Reply by Minister of Basic Education A Motshekga on questions posed in National Assembly for written reply, 9 October 2009
Dr J C Kloppers-Lourens (DA) to ask the Minister of Basic Education: Whether schools are giving the required guidance to parents that learners should preferably be taught in their mother tongue up to at least Grade 6; if not, why not; if so, (a) what does such guidance entail and (b)(i) how and (ii) when is this done?
(a) Section 29(2) of the SA Constitution makes provision for everyone “to receive education in the official language or languages of their choice in public educational institutions where that education is reasonably practicable.”

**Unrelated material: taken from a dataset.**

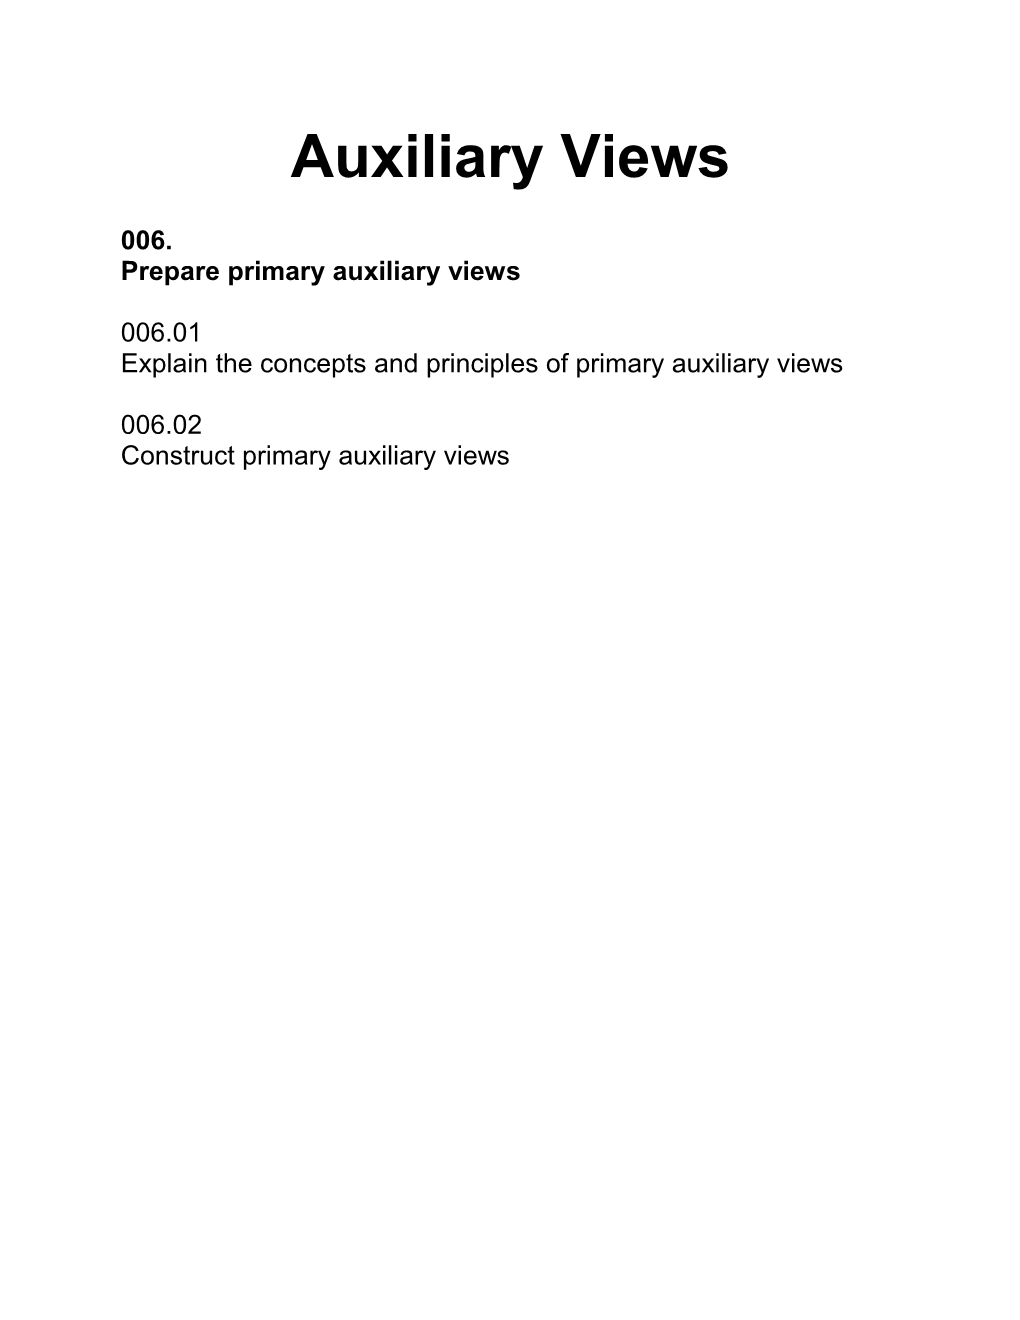 Prepare Primary Auxiliary Views

It is on this premise that the Language in Education Policy (LiEP) provides for schools (depending on their needs) to adopt either one language as a medium for learning (home language) or use two languages, a home language in the early grades and a second one later as language of learning. According to the LiEP, “Whichever route is followed, the underlying principle is to maintain home language(s) while providing access to and the effective acquisition of additional language(s). The National Curriculum Statement further recommends that “the learner’s home language should be used for learning and teaching wherever possible. This is particularly important in the Foundation Phase where children learn to read and write.”

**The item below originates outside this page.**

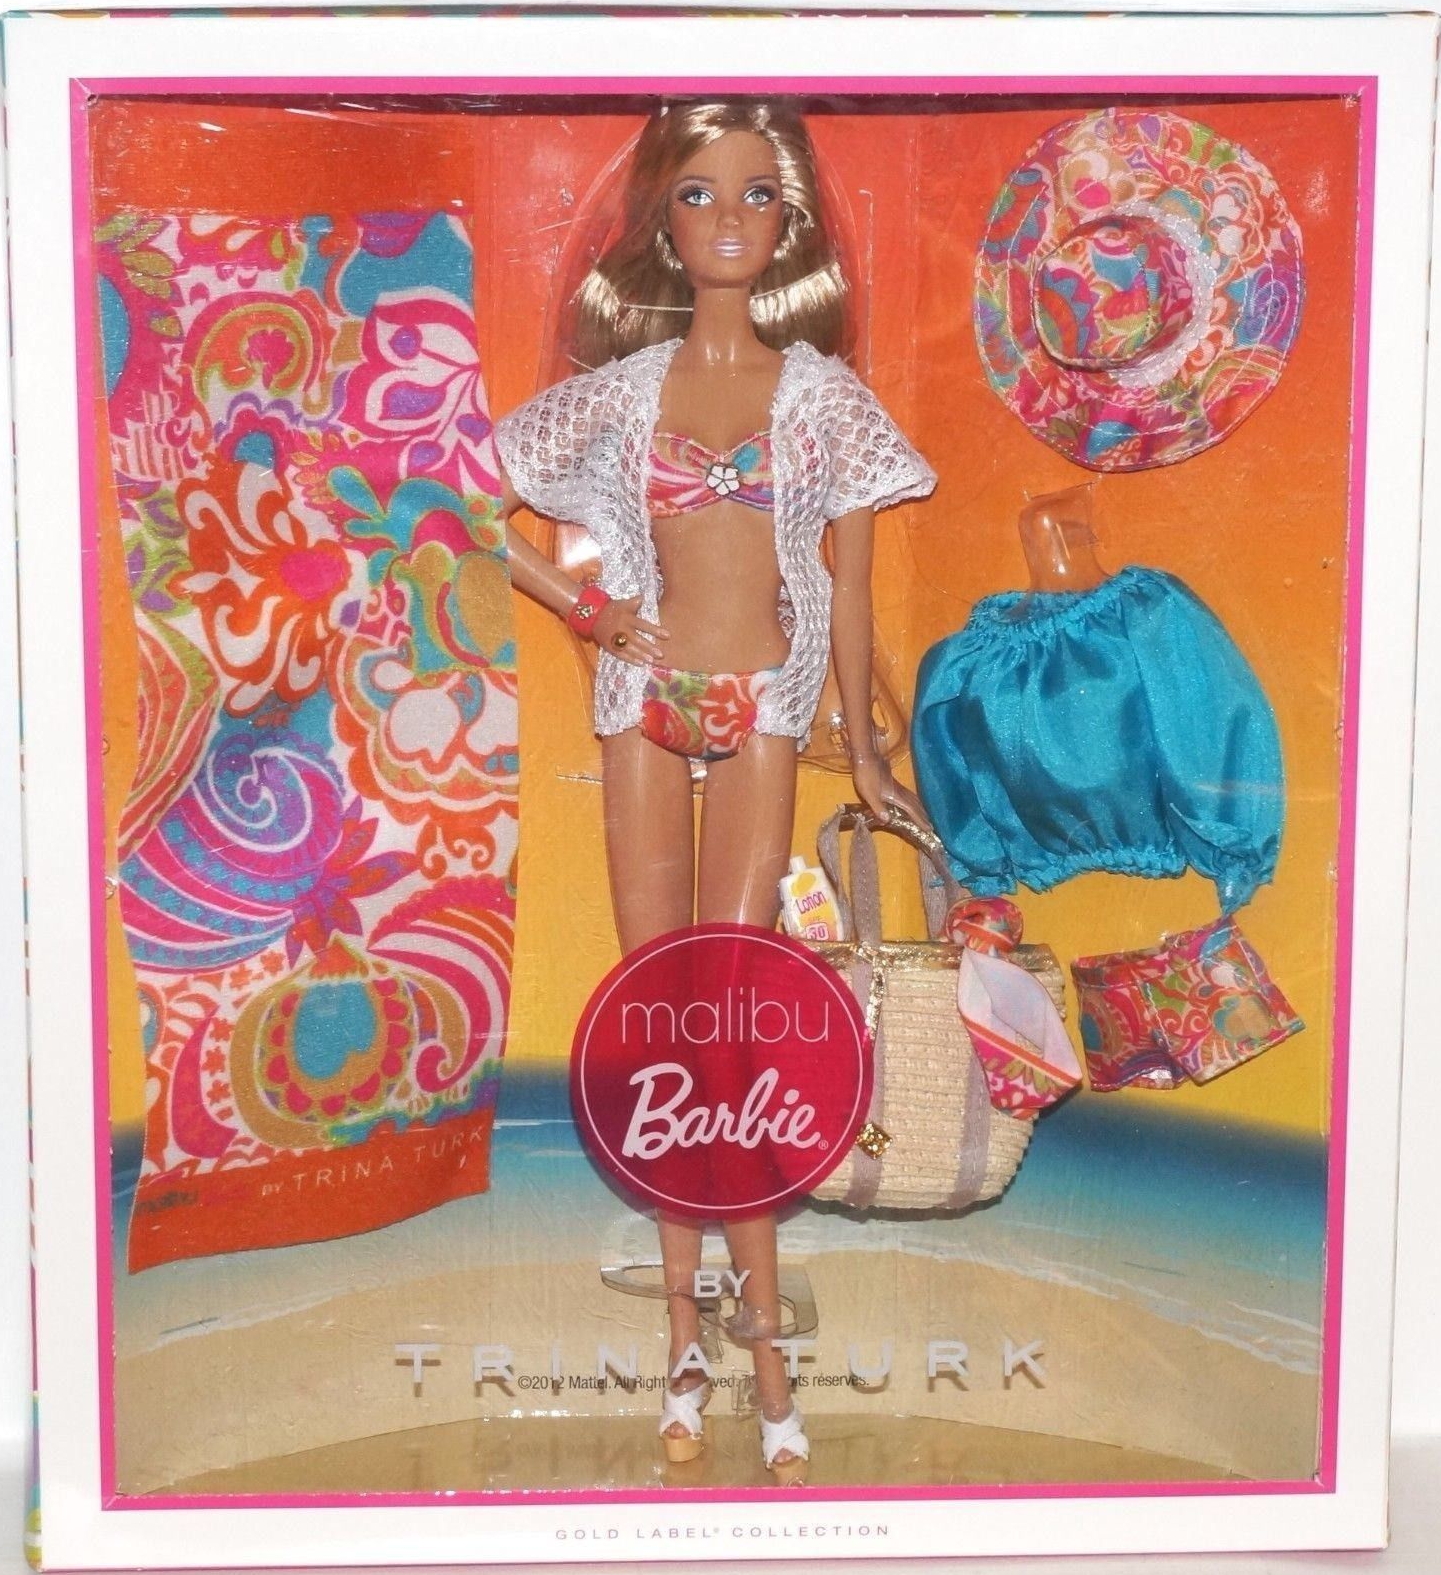 malibu Barbie BY TRINA TURK - www.agdsicilia.it

However, since LiEP’s promulgation in 1997, many schools have continued to use primarily English and Afrikaans as languages of learning and teaching. Where African languages are used as languages of learning and teaching, they are used only in the Foundation Phase in schools serving predominantly ‘African’ learners, after which English takes over as the medium of instruction. The transition to English as the language of learning and teaching in these schools often happens too abruptly and often before learners have fully developed the necessary cognitive skills in their home languages.

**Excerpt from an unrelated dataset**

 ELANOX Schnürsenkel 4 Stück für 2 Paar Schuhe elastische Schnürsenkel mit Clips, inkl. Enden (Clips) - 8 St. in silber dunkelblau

It is against this background that the Language Colloquium, which was hosted by the then Minister of Education in 2006, recommended the use of mother tongue instruction up to grade six. In response to this recommendation, two provinces have initiated pilot projects to implement mother tongue instruction from grade one to six, namely, the Western Cape (sixteen (16) schools) and the Eastern Cape (one (1)
At these pilot schools various methods or forms were used to give guidance to relevant stakeholders, including parents. Workshops, advocacy campaigns and meetings were conducted wherein parents from the participating school communities were informed about the objectives of the pilot project before it commenced. Regular parents’ session are held to update them on progress made. Parents were also informed about the grade six WCED systemic evaluation tests (through the medium of IsiXhosa), that demonstrated that learners from the pilot project schools have improved their literacy scores immensely. The Department of Basic Education has now decided to make this matter one of the critical priorities and look at specifically at the implementation of the LiEP in a manner that ensures that all children can learn from their first day at school.